Well, folks, here they are.
Thursday, eight days after the beginning of the century's worst urban riot, President Bush viewed the ruins. The unusually heavy security gave the expedition the look of the commander-in-chief's inspection of a recently pacified combat zone. It was a sign of just how dangerous a place Los Angeles is considered by the outside world, or at least by the presidential security corps.
Last Monday, it was Gov. Bill Clinton's turn. As a Democrat, Clinton had to show himself as a man of the people. So he walked along stretches of Vermont Avenue, viewing the rubble in South Los Angeles and Koreatown.
I hate these tours, these hurry-up drop-ins on disasters, mainly to create photo opportunities for politicians on the make. I've covered many of them, always with a sense of embarrassment.
You fly in with the campaign entourage, hustle over to the scene and follow the candidate down the street, taking notes on even the most mundane comments.
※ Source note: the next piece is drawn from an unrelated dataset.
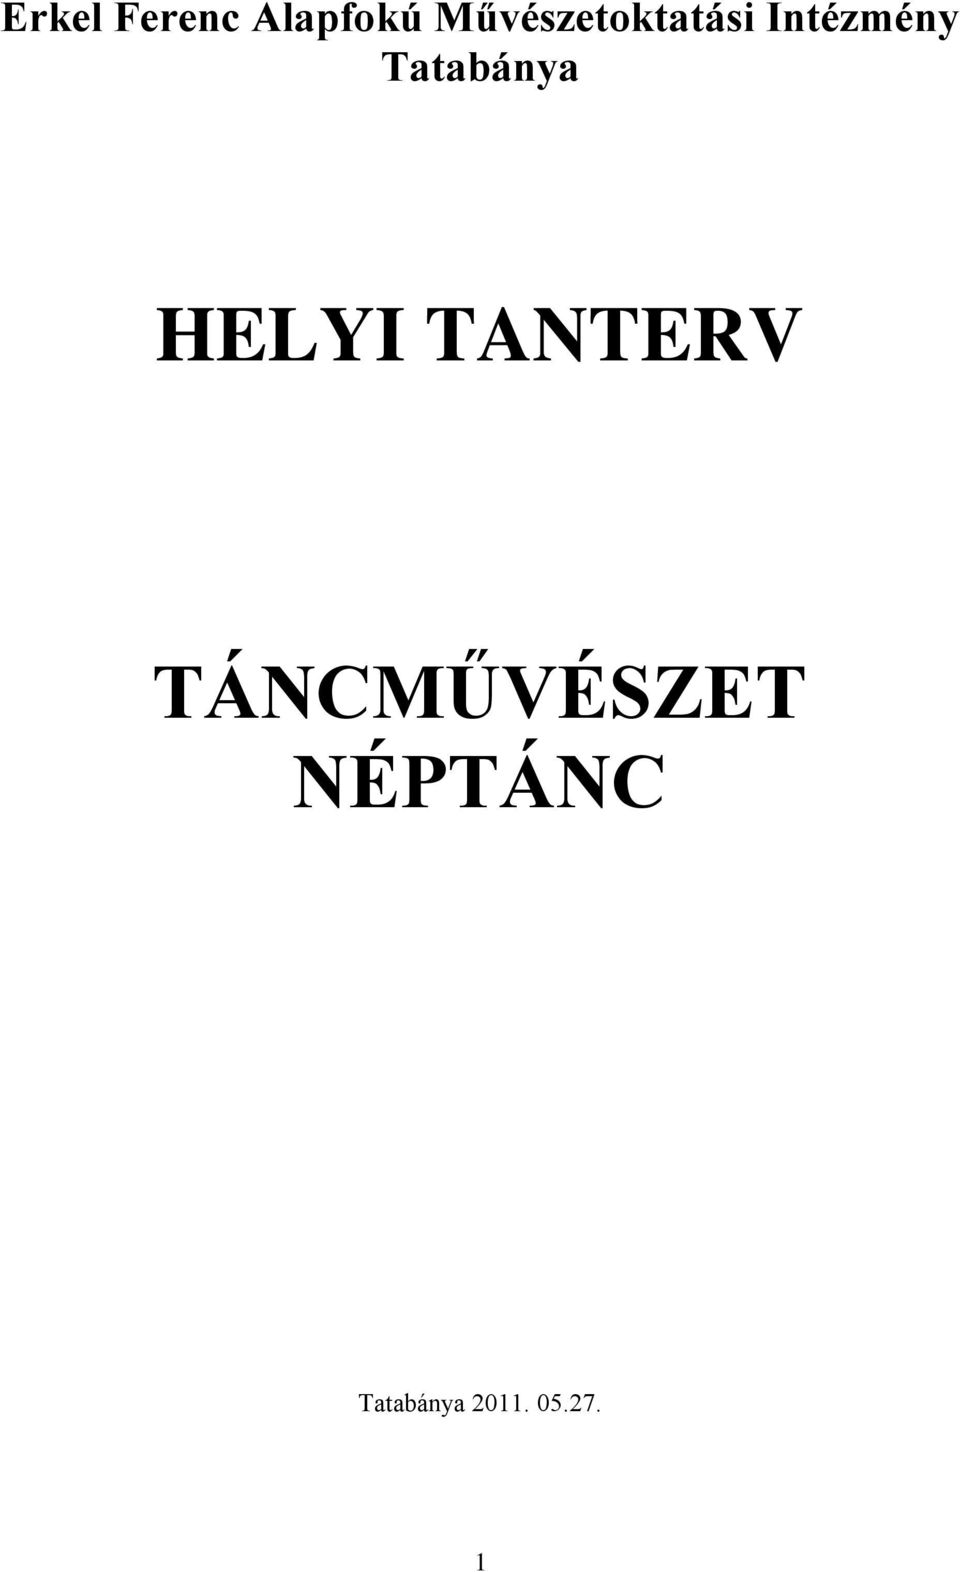 Tatabánya HELYI TANTERV
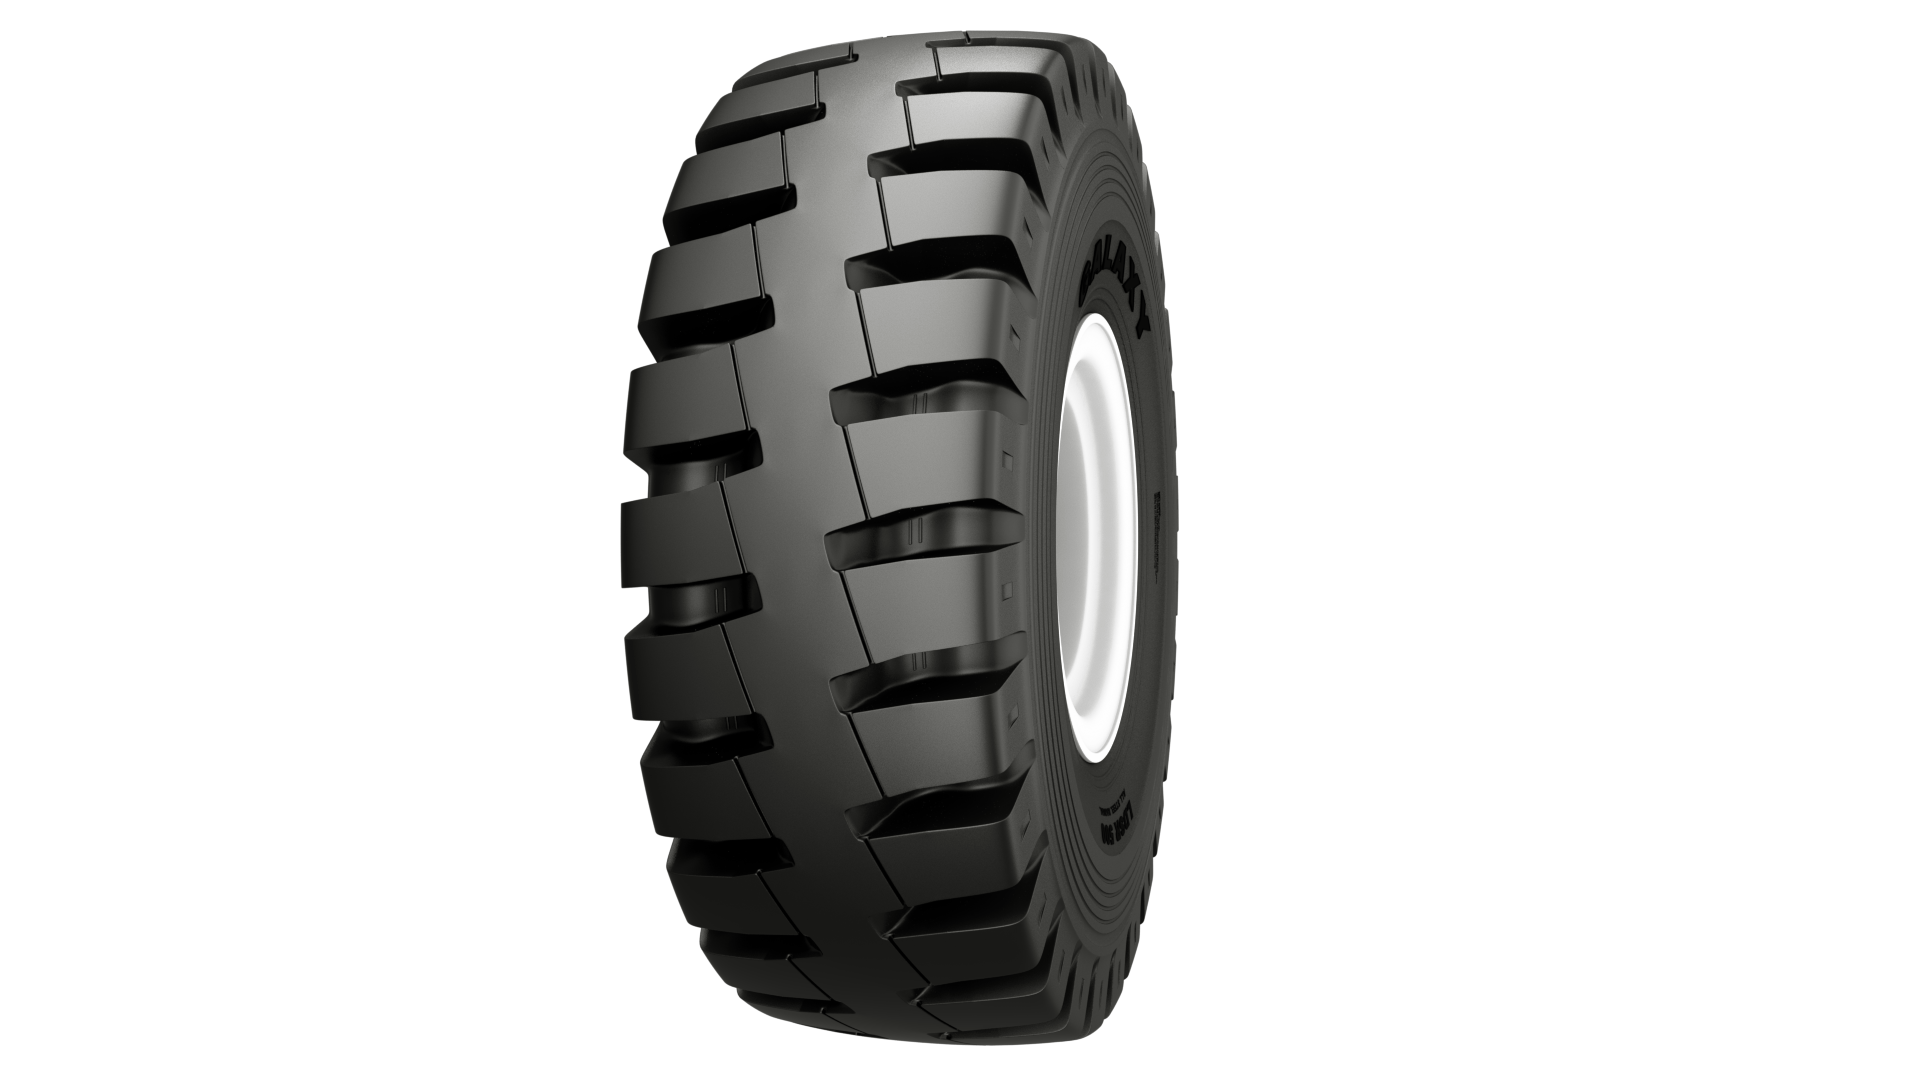 LDSR 500 GALAXY  Tires

None of this is any help to the unfortunate residents, who view the alien mob for what it is, an intrusion on their tragedy.
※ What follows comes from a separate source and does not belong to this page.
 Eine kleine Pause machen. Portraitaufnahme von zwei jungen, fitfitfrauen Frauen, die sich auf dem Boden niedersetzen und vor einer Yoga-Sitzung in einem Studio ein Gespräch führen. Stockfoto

A few polite ones answer the stupid questions reporters ask: How do you feel? What do you think of all this? What do you think of the candidate? The others just walk away.
The circus surrounding the candidates masks one of the most significant facts in the discussion of post-riot recovery: Los Angeles shouldn't expect much assistance from Washington. Bush and Clinton are surprisingly similar on this issue.
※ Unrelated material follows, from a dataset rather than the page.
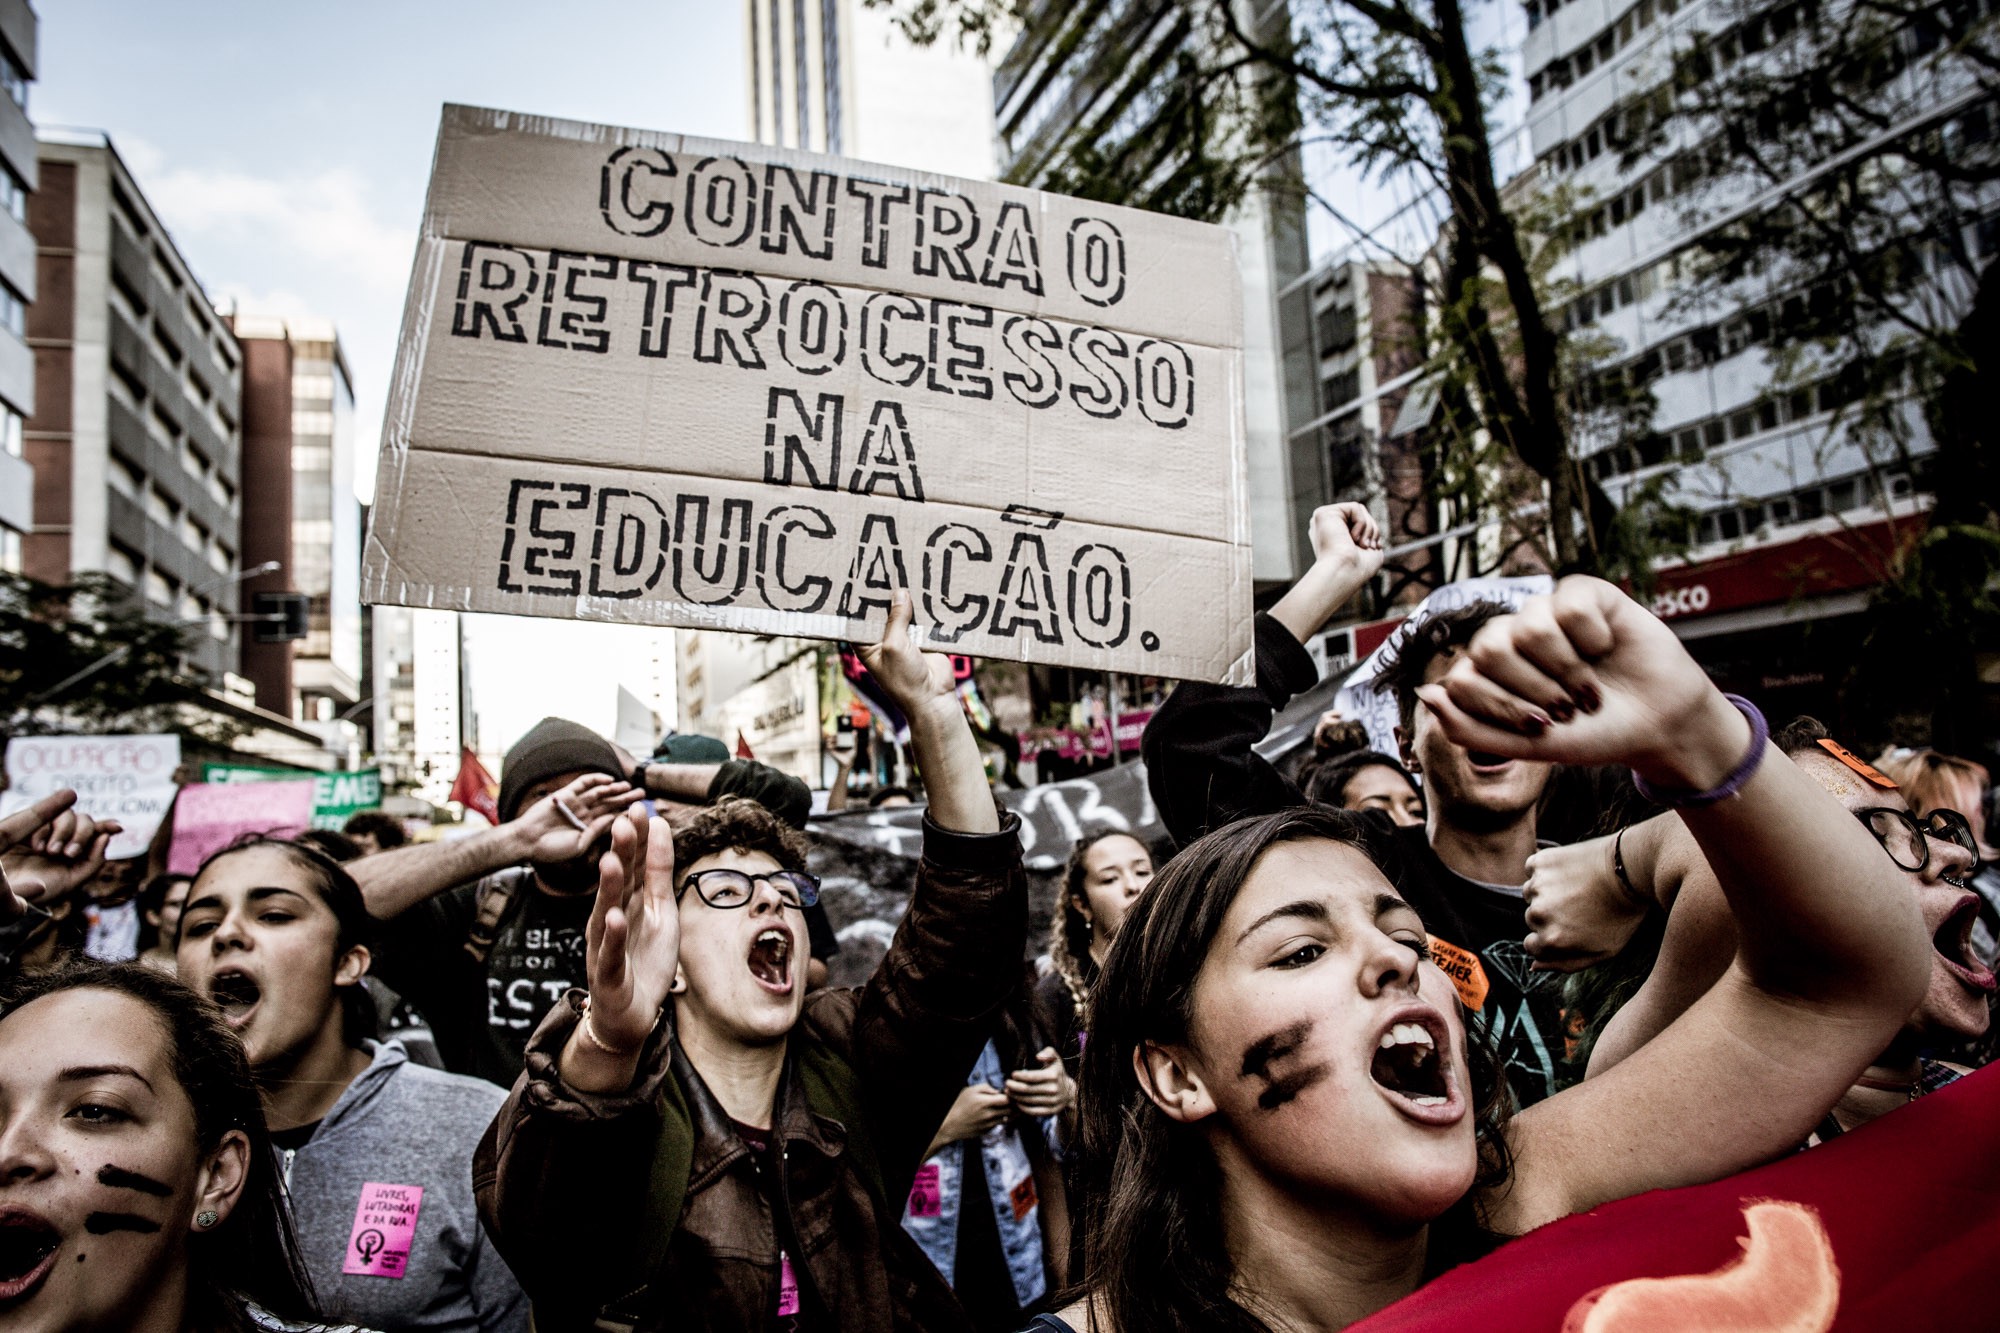 Foto: Leandro Taques/Jornalistas Livres

You have to do some detective work to find Bush's urban policy, because he hasn't had much of one so far.
As Bush looked at the damage Thursday, there was a gray-haired man walking nearby who is likely to be very important in shaping the Administration's response. He is Jack Kemp, secretary of Housing and Urban Development, who favors creating jobs and privately owned housing in inner-city neighborhoods notable for their high unemployment and public housing projects.
The odd thing about Kemp, who is a conservative Republican, is that he was the only Administration big shot worrying about the inner city before the riots. "We must discard the failed bureaucratic model for fighting poverty and instead empower individuals to control their lives through the power of property ownership and entrepreneurship," Kemp said.
This does not mean a big infusion of federal dollars. Instead, he would give tax incentives to persuade businesses to locate in inner-city "enterprise zones" and federal funds to permit public housing occupants to buy their apartments.
Kemp's ideas are based on those of conservative researchers in the Heritage Foundation, a Washington think tank dedicated to dismantling the present federal social welfare system. The foundation was a major source of ideas for the Reagan Administration.
You'd think Kemp would be embraced by the Bush crowd. But the brash, enthusiastic manner of the former Buffalo Bills quarterback has antagonized the President's gray lieutenants, who don't like the fact that Kemp has his own strong following in the Republican Party.
Now, however, he's the only one on the team who can navigate on city streets, and his exile may be over.
Kemp's Heritage Foundation philosophy, surprisingly, finds an echo in the Clinton platform.
Clinton rejects the massive federal aid that was dispatched to urban America after the Watts riots and the other big-city disturbances of the '60s. "Government does not always know what is best or how to do it," Clinton said Monday after touring the rubble.
"My sense is that there will be more federal money, and there should be, but that it will not be a massive bailout. . . . There will be more and more emphasis on what the federal government can do to get the banking system to work, to make free enterprise work in the inner city."
We don't know what Ross Perot thinks. He has announced he's taking 60 days to formulate his policies. But since Perot is a private enterprise guy, he is probably thinking along the same lines.
The huge federal budget deficit dictates this approach. But it is also based on a feeling by many liberals, as well as conservatives, that massive federal aid, dispensed under conditions dictated by Washington, doesn't work.
No matter who is President, this recovery will be conducted under far different conditions than existed after Watts. And no matter who is elected, L.A. won't be forgotten.